Wilberforce chewed and swallowed a mouthful of potato, his tail, fluffed up to disguise its thinness, twitching.

"Rather!" he said.

His chance came the next morning. Otto drove them to the nearby market town, both foxes being in need of new clothes. Bentley was more muscular than he had been before the war, and Wilberforce thinner. The Weimaraner, too, required more than a borrowed butler's outfit and his master's cast-offs.

"One should visit a London tailor, really," Wilberforce observed. "Get the latest fashions."

"No, one shouldn't. One should support local industry. Besides, I can't stand the ridiculous get-up they're wearing in London this season."

The tailor's shop was smaller and shabbier than Bentley remembered it, with only a few bolts of cloth where once they had been stacked to the ceiling.

"Lord ffox! I was sorry to hear about your father. He wore no suits but mine for forty years," said the marten behind the counter.

"Thank you, Mr Teppel. I'll remember you to Mother. And this is my cousin Wilberforce. How was the war for you?"

"Not good. I tried to join up but they wouldn't have me. Then I was in a camp for a month before they worked out an old German tailor marten was no threat. Took both my boys for the Front. I got one back but his nerve's gone. I've sewn nothing but khaki for four years and had my windows broken twice. For this my mother brought me from Germany in '78?"

Then Otto spoke in German, and the marten startled, noticing the grey dog for the first time. He nodded vigorously and replied with an enthusiasm Bentley hadn't known him to display before. He called his son, the one whose nerve had gone, from the back of the shop, and set him to measuring all three of them.

"Good to be home, isn't it?" Bentley asked as the boy knelt at his feet, the cloth tape against his inside leg.

"Y...y...." agreed the young marten, his paws suddenly shaking. The boy's father was still chatting away to Otto.

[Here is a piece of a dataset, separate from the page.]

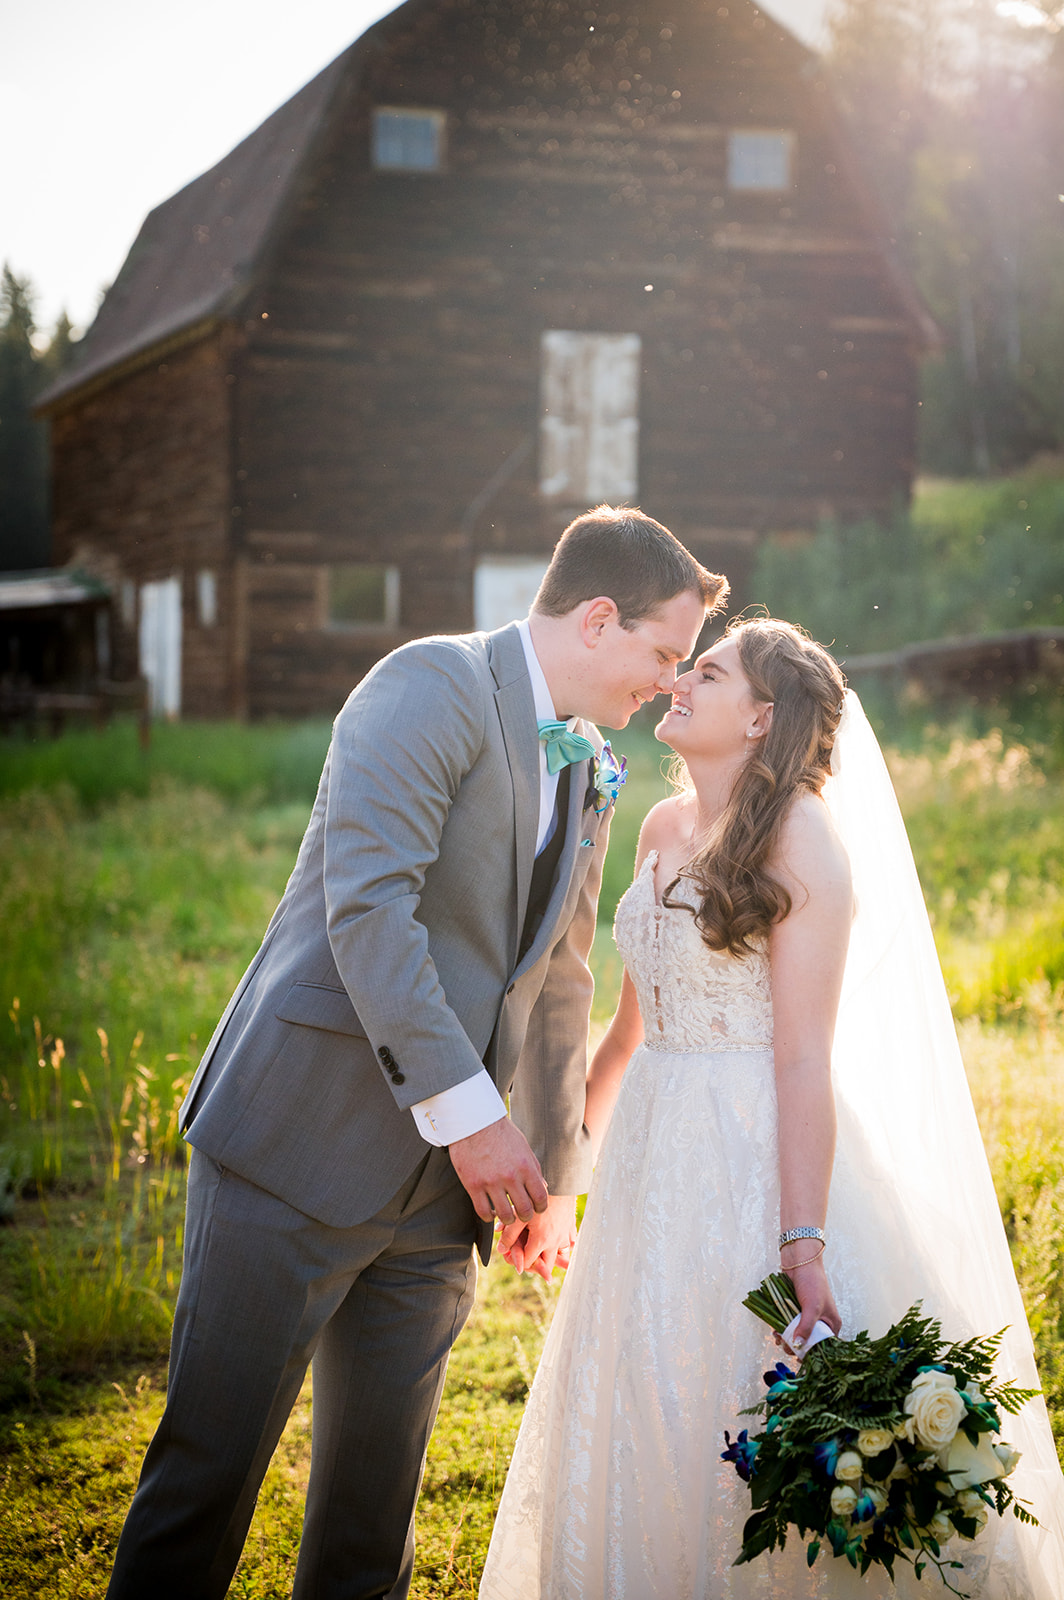 The groom leans in and shares eskimo kisses with the bride as the golden hour sun shines behind them.

Bentley put his paw on the younger marten's shoulder. "Do you get bad dreams?"

The boy just nodded.

"Me too. It doesn't mean you're not brave. We let our guard down at night, and that's when it gets you. Your brain's just trying to work out what the hell happened and make some sort of sense of it."

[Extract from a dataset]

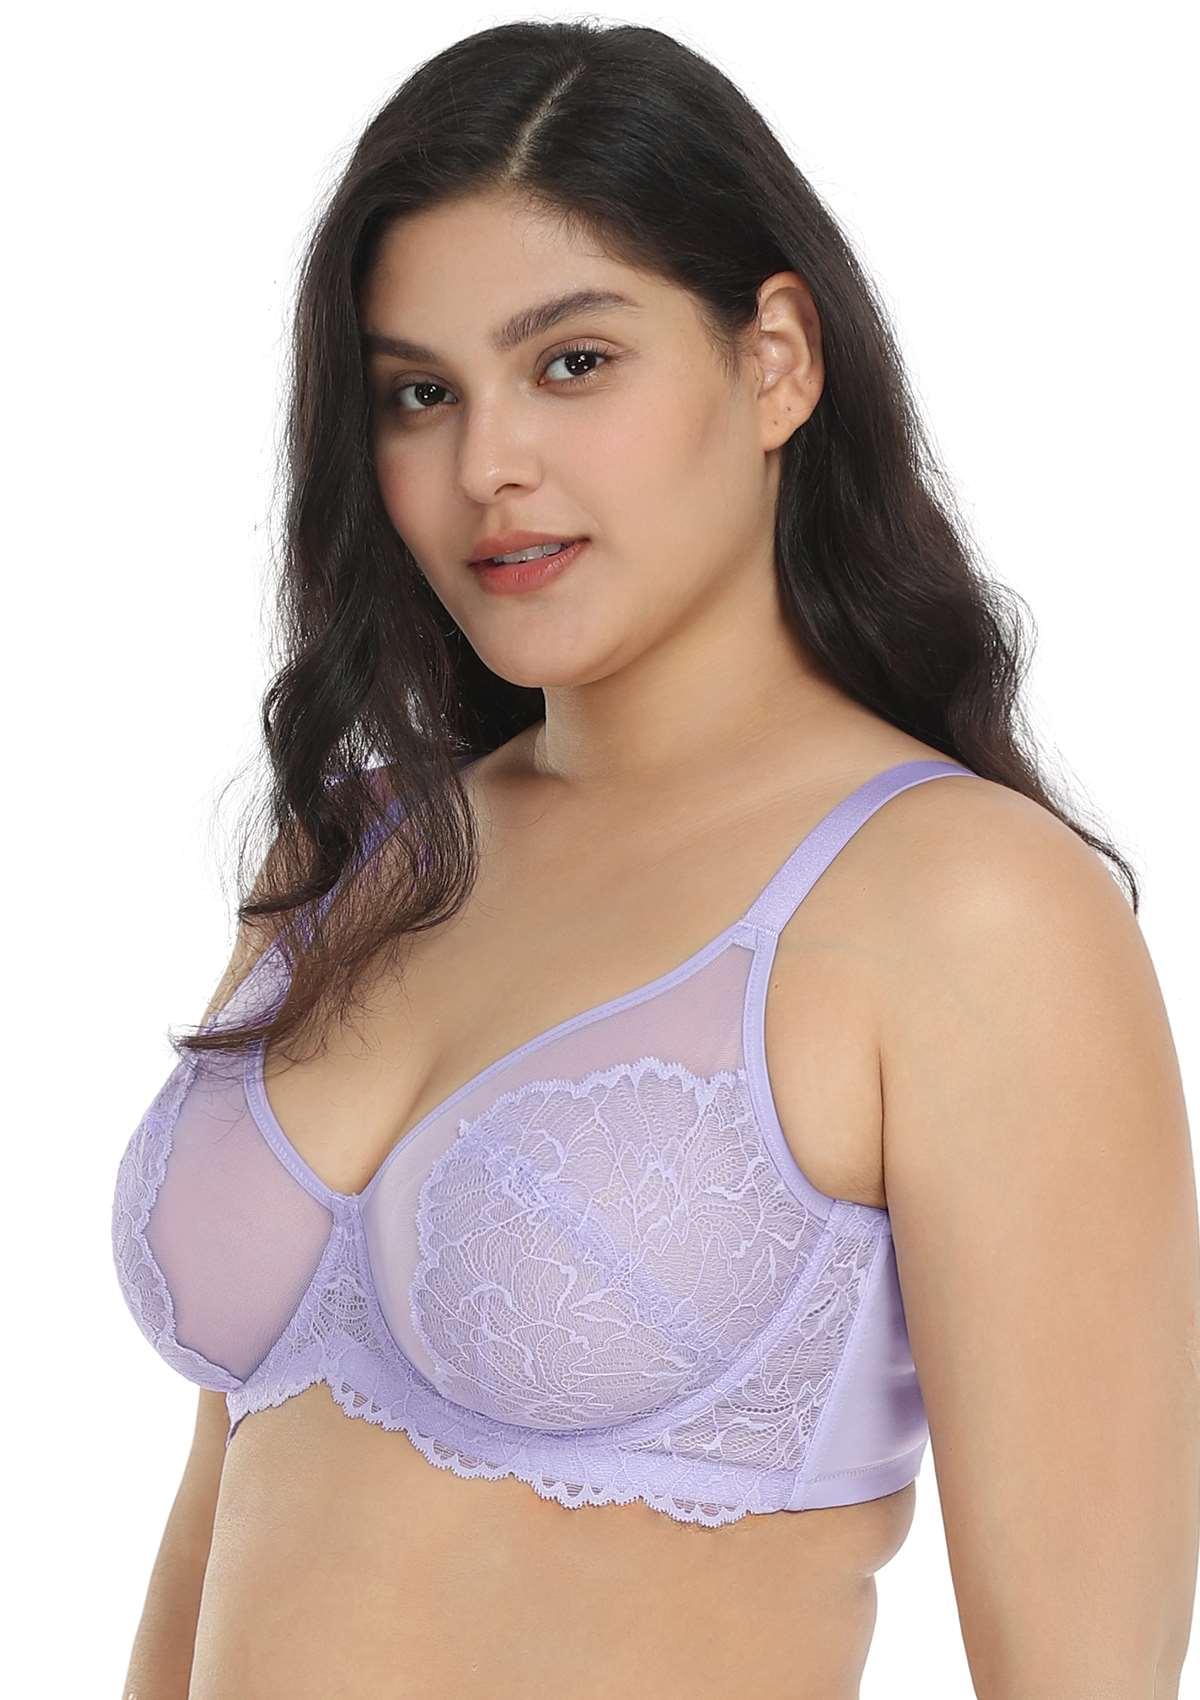 HSIA Blossom Transparent Lace Bra: Plus Size Wired Back Smoothing Bra - Purple / 34 / DDD/F

"None of us will ever forget," Wilberforce put in. "But it becomes easier. Now, young shaver, I want a high collar! Like they have in London!"

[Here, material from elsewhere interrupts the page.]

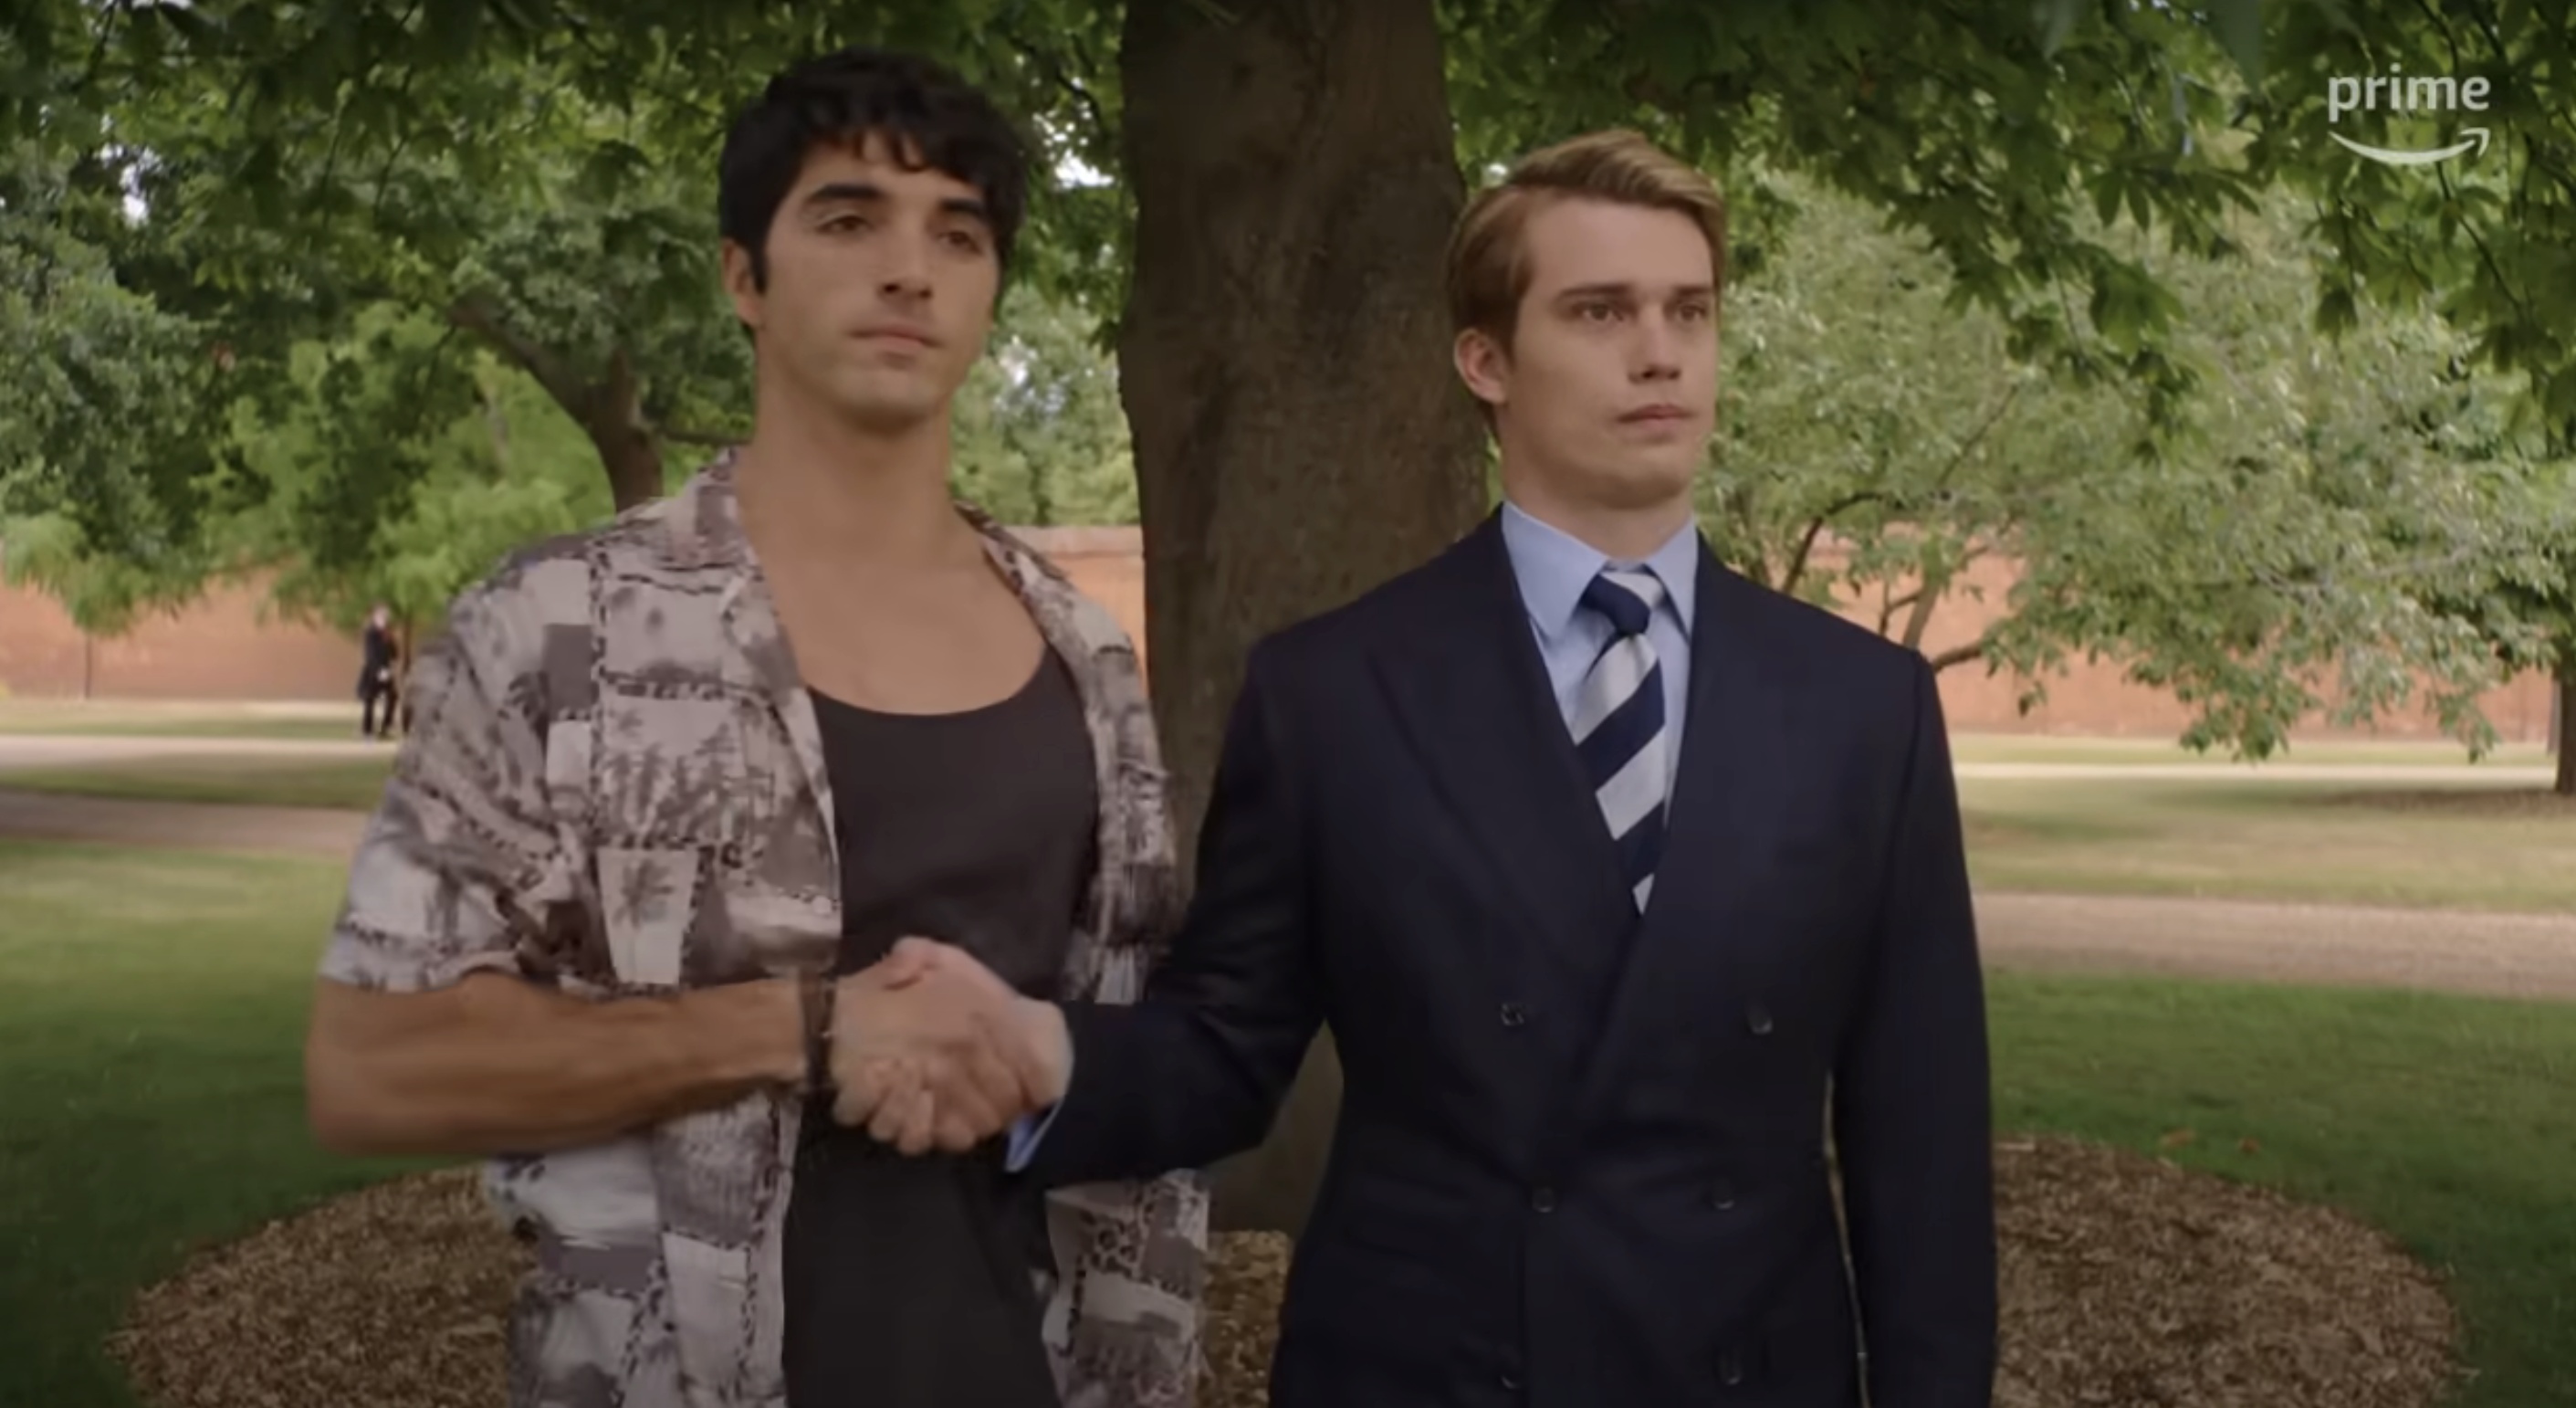 Alex casual in a patterned shirt, Henry in a suit and tie, shaking hands

"Found a friend?" Bentley asked Otto as they left the shop.

"I think so, yes," the dog said. He dropped behind his master, and for the rest of the morning he haggled for purchases, handed over payment, and carried parcels.

They visited the hatter's, the bootmaker's, the draper's. Wilberforce had always enjoyed shopping, but today he did it with a sort of fierce determination, as though he could build a wall of socks and shirt-fronts and pocket handkerchiefs between himself and the last four years.

It was in the glove shop that Julia Portman found them. The small shop was a squeeze for all of them, and Bentley tactfully extracted himself, afterwards sticking his muzzle up against the window to observe proceedings. He saw the two foxes exchange greetings and talk for a moment. Julia picked up a pair of gloves in lavender silk. Wilberforce raised a paw, said something which made the vixen giggle, then took the gloves from her and beckoned Otto with the wallet. The gloves were wrapped and presented to Julia.

Jolly good. Good as a pantomime! Bentley swished his tail with satisfaction. Julia, clutching her little parcel, swept out of the shop and past him without so much as a good morning. Wilberforce and Otto emerged more slowly.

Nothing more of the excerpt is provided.